A. T.: Comment à partir de cela, la pièce se structure-t-elle ?
P. E.: J’essaie en tout cas le plus longtemps possible de ne pas trop savoir où ça va, de faire confiance à la façon dont ces mots vont s’entrechoquer. Dès que des personnages sont mis ensemble, très vite les situations sont conflictuelles et donc dynamiques. Quand, par exemple, un « casse-oreille » vous envahit les tympans, cela génère un certain nombre de réactions. De toute façon, très vite, une crise s’installe. Plus tard, le plus tard possible, je reprends tout d’un point de vue plus « narratif » : entrées inattendues, ruptures, thèmes récurrents, contrepoints, nouveaux personnages, COUPS de théâtre, etc.
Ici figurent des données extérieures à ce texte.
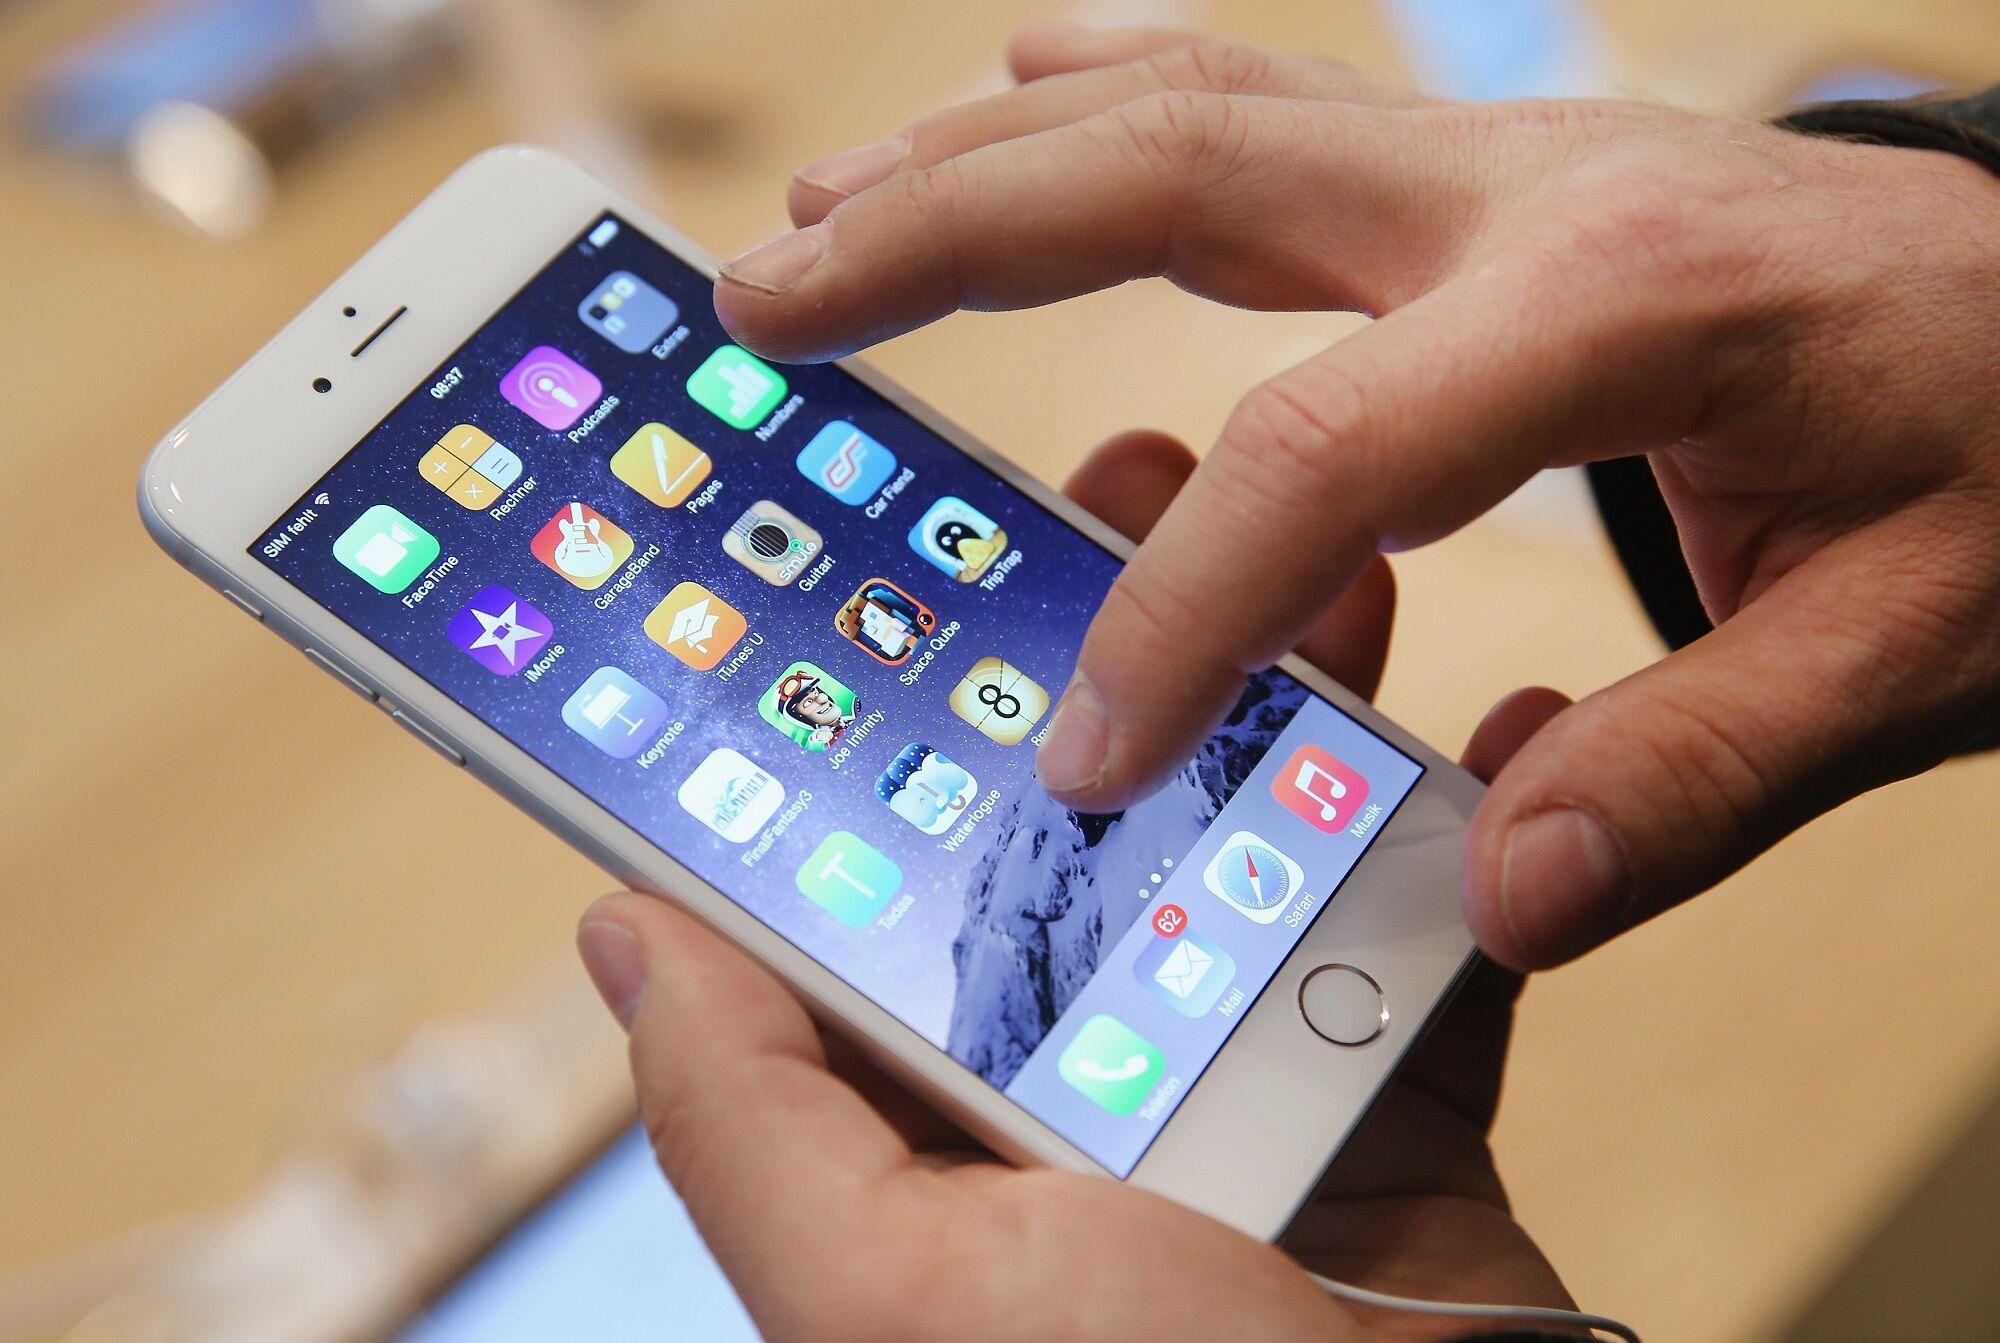 Hati-Hati Sebelum Hapus Cache! 5 Fakta Hapus Cache di Smartphone Ini Pasti Belum Kamu Ketahui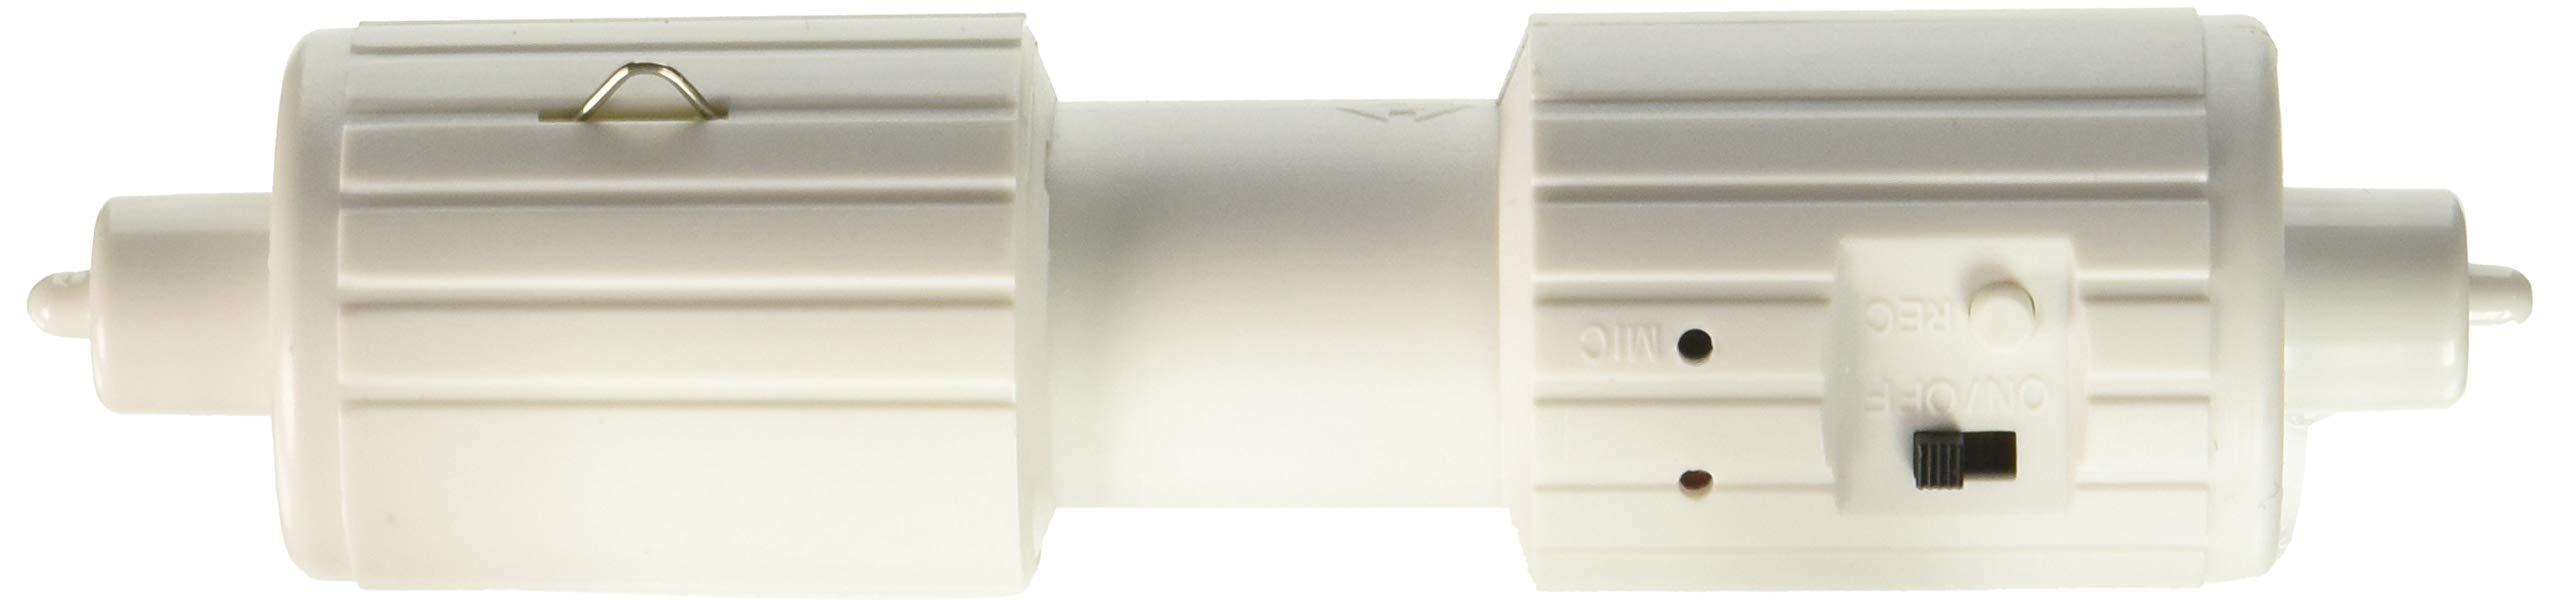 Amazon Com 4 Rolls Gag Gift Novelty Toilet Paper

Il m’arrive de lorgner sans vergogne du côté de la mécanique du vaudeville, d’en réutiliser les codes à contresens.
A. T.: Un discours d’autojustification peut-il être le point de départ d’un changement, d’une évolution des personnages ou de la situation ?
P. E.: Cela me semble évident. Dans INACCESSIBLES AMOURS, par exemple, ce qui pourrait éventuellement se passer dans la rencontre de Caracala et de la serveuse, de ces deux âmes solitaires (pour parler comme dans les feuilletons), est stoppé net par l’irruption, à deux reprises, de « l’homme au visage ensanglanté » et de l’histoire de ses aventures amoureuses qu’il leur rabâche, alors qu’elle ne les intéresse pas du tout. Idem en ce qui concerne Barat et Astrid, dans MALAGA : la crise de leur couple est exacerbée par tout ce que leur raconte Flambard sur les bonnes raisons qu’il a de divorcer. Il y a, dans ces récits, une dimension que les linguistes appelleraient performative : dire, en même temps, c’est faire…
A. T.: Mais qu’est-ce que le ressassement apporte au personnage même de Flambard ?
P. E.: Un personnage qui suit son obsession, qui s’y accroche, le fait comme à une bouée. Pour nous, qui voyons cela de l’extérieur, c’est drôle ou grotesque. Pour lui, c’est très sérieux, cela a une importance énorme, même si en réalité cela n’en a que très peu. C’est d’ailleurs ce décalage-là qui constitue un des principes fondamentaux d’un certain genre de comédie. Donc, toutes les histoires sur lesquelles revient Flambard dans MALAGA, son divorce, son métier de représentant, l’entretien de son corps, etc., ce sont des choses pour lui primordiales, qui l’occupent entièrement, parce que, s’il n’y avait pas cela, il n’aurait plus rien, il n’aurait plus qu’à s’écrouler. Ces personnages-là, ces monomaniaques, réduisent leur vie à leur seule obsession. Voyez jusqu’où le théâtre de Thomas Bernhard pousse le traitement de personnages de ce type.
A. T.: Mais le ressassement chez Bernhard produit une certaine lucidité.